O-liver having married Fluffy Hair had found her also self-centered–not a lady like his mother, but fundamentally of the same type. Neither of them had made him feel that he might be more than he was. They had always shrunk him to their own somewhat small patterns.
Jane’s philosophy came to him therefore like a long-withheld stimulant. “You might be President of the United States.”
When Henry or Atwood or Tommy had said it to him he had laughed. When Jane said it he did not laugh.
VI
And so it came about that one day he rose and went to his father. And he said: “Dad, will you kill the fatted calf?”
His father lived in a great Tudor house which gave the effect of age but was not old. It had a minstrels’ gallery, a big hall and a little hall, mullioned windows and all the rest of it. It had been built because of a whim of his wife’s. But O-liver’s father in the ten years he had lived in it had learned to love it. But more than he loved the house he loved the hills that sloped away from it, the mountains that towered above it, the sea that lay at the foot of the cliff.
“It is God’s country,” he would say with long-drawn breath. He had been born and bred in this golden West. All the passion he might have given to his alien wife and alien son was lavished on this land which was bone of his bone and flesh of his flesh.
And now his son had ridden up to him over those low hills at the foot of the mountain and had said: “Father, I have sinned.”
O-liver had not put it scripturally. He had said: “I’m sorry, dad. You said I needn’t come back until I admitted the husks and swine.”
There was a light on the fine face of the older man. “Oliver, I never hoped to hear you say it.” His hand dropped lightly on the boy’s shoulders. “My son which was dead is alive again?”
“Yes, dad.”
“What brought you to life?”
“A woman.”
The hand dropped. “Not–“
“Not my wife. Put your hand back, dad. Another woman.”
He sat down beside his father on the terrace. The sea far below them was sapphire, the cliffs pink with moss–gorgeous color.

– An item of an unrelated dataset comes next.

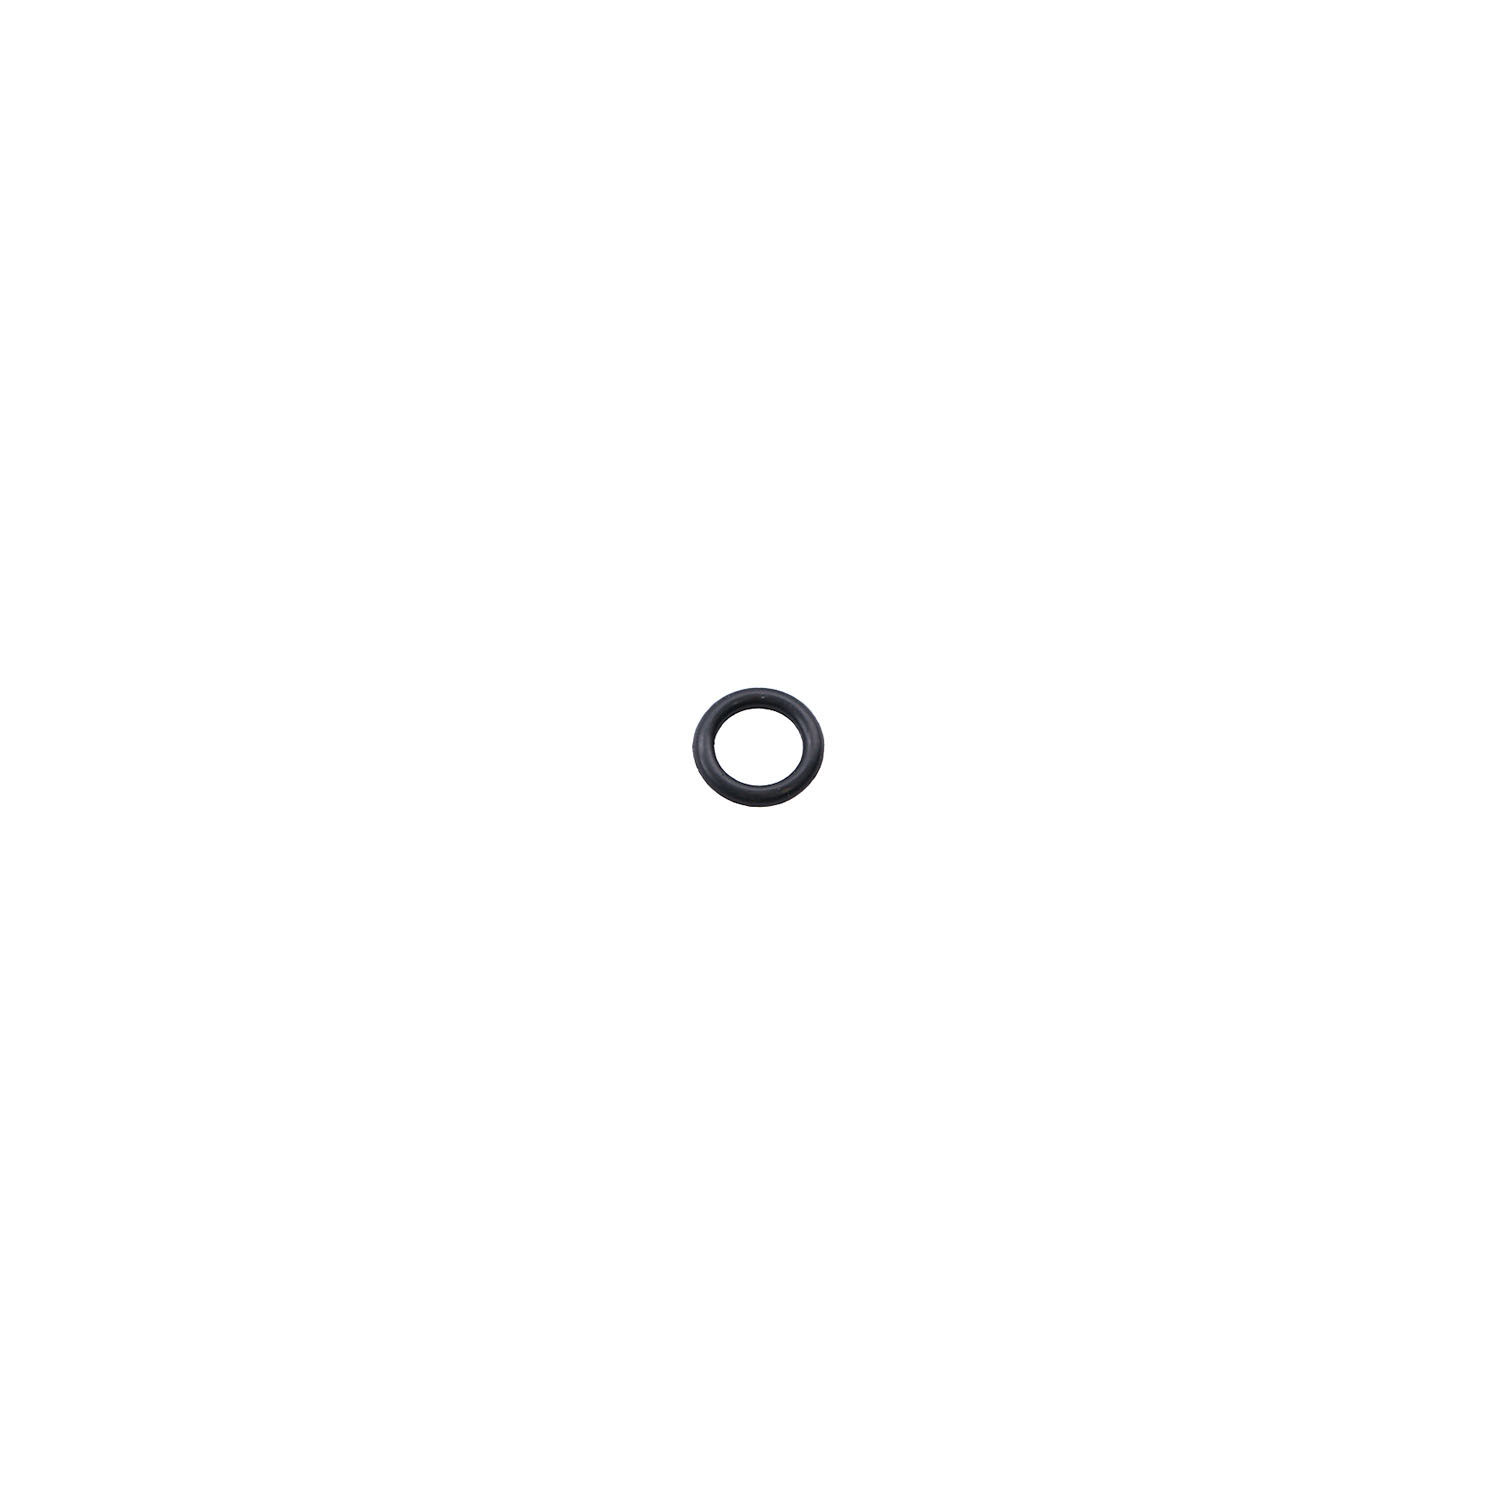 Кольцо уплотнительное 6*l,8 ( O-ring 6*l,8 ) RT-5875 поз.37

Orange umbrellas dotted the distant beach.
“Your mother is down there,” Jason Lee said. “Sun baths and all that. You said there was another woman, Oliver.”
“Yes.” Quite simply and honestly he told him about Sandwich Jane. “She’s made me see things.”
“What things?”
“Well, she thinks I’ve got it in me to get anywhere. She insists that if I’d put my heart into it I might be–President.”
One saw their likeness to each other in their twinkling eyes!
“She says that men follow me; and they do. I’ve found that out since I went to Tinkersfield. She wants me to go into politics–there’s a gang down there that rules the town–rotten crowd. It would be some fight if I did.”
His father was interested at once. “It was what I wanted–when I was young–politics–clean politics, with a chance at statesmanship. Yes, I wanted it. But your mother wanted–money.”
“Money hasn’t any meaning to me now, dad. If I slaved until I dropped I couldn’t make fifteen hundred a week.”
“Does–your wife make that now?”
“Yes. She’s making it and spending it, I fancy.”